Publication year - 2021
Publication title -
journal of obstetrics and gynaecology research
Language(s) - English
Resource type - Journals
SCImago Journal Rank - 0.597
H-Index - 50
eISSN - 1447-0756
pISSN - 1341-8076
DOI - 10.1111/jog.14717
Subject(s) - medicine , thrombotic thrombocytopenic purpura , plasmapheresis , hellp syndrome , disseminated intravascular coagulation , pregnancy , sepsis , pediatrics , schistocyte , differential diagnosis , preeclampsia , immunology , platelet , pathology , biology , antibody , genetics
Thrombotic thrombocytopenic purpura (TTP) is a medical emergency that demands prompt diagnosis to allow lifesaving treatment: plasmapheresis.
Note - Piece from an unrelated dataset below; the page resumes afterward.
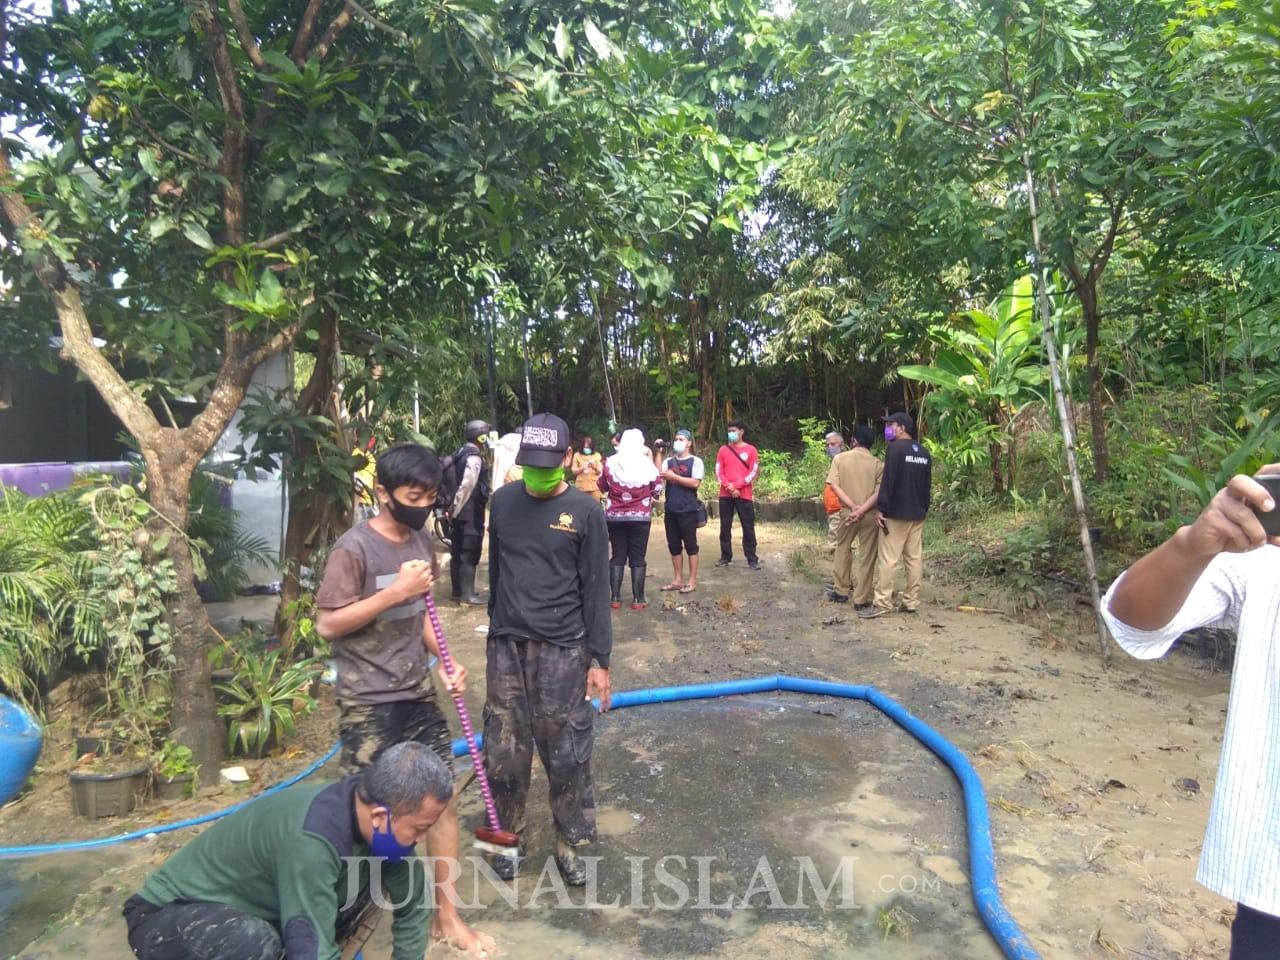 Relawan Jamaah Ansharusy Syariah dan Me-Dan Bantu Korban Banjir Semarang

TTP during pregnancy is rare, with estimated prevalence of 1/200 000, and even rarer in association with acquired immunodeficiency syndrome, with only two cases reported. Differential diagnosis includes HELLP syndrome (hemolysis elevated liver enzymes and low platelets), sepsis, intravascular‐disseminated coagulation, and acquired autoimmune diseases, each one with its unique treatment and prognosis. A case of a pregnant woman at 26th week with sudden onset of left hand paresthesia and purpura is reported. PLASMIC score showed high risk for ADAMTS‐13 deficiency and diagnosis of TTP was made. Human immunodeficiency virus screening test was positive on admission. Plasmapheresis and antiretroviral therapy were initiated and the delivery of a healthy newborn at full‐term gestation was achieved, unlike other cases in literature. No obstetric complications were observed and the follow‐up shows no signs of disease recurrence.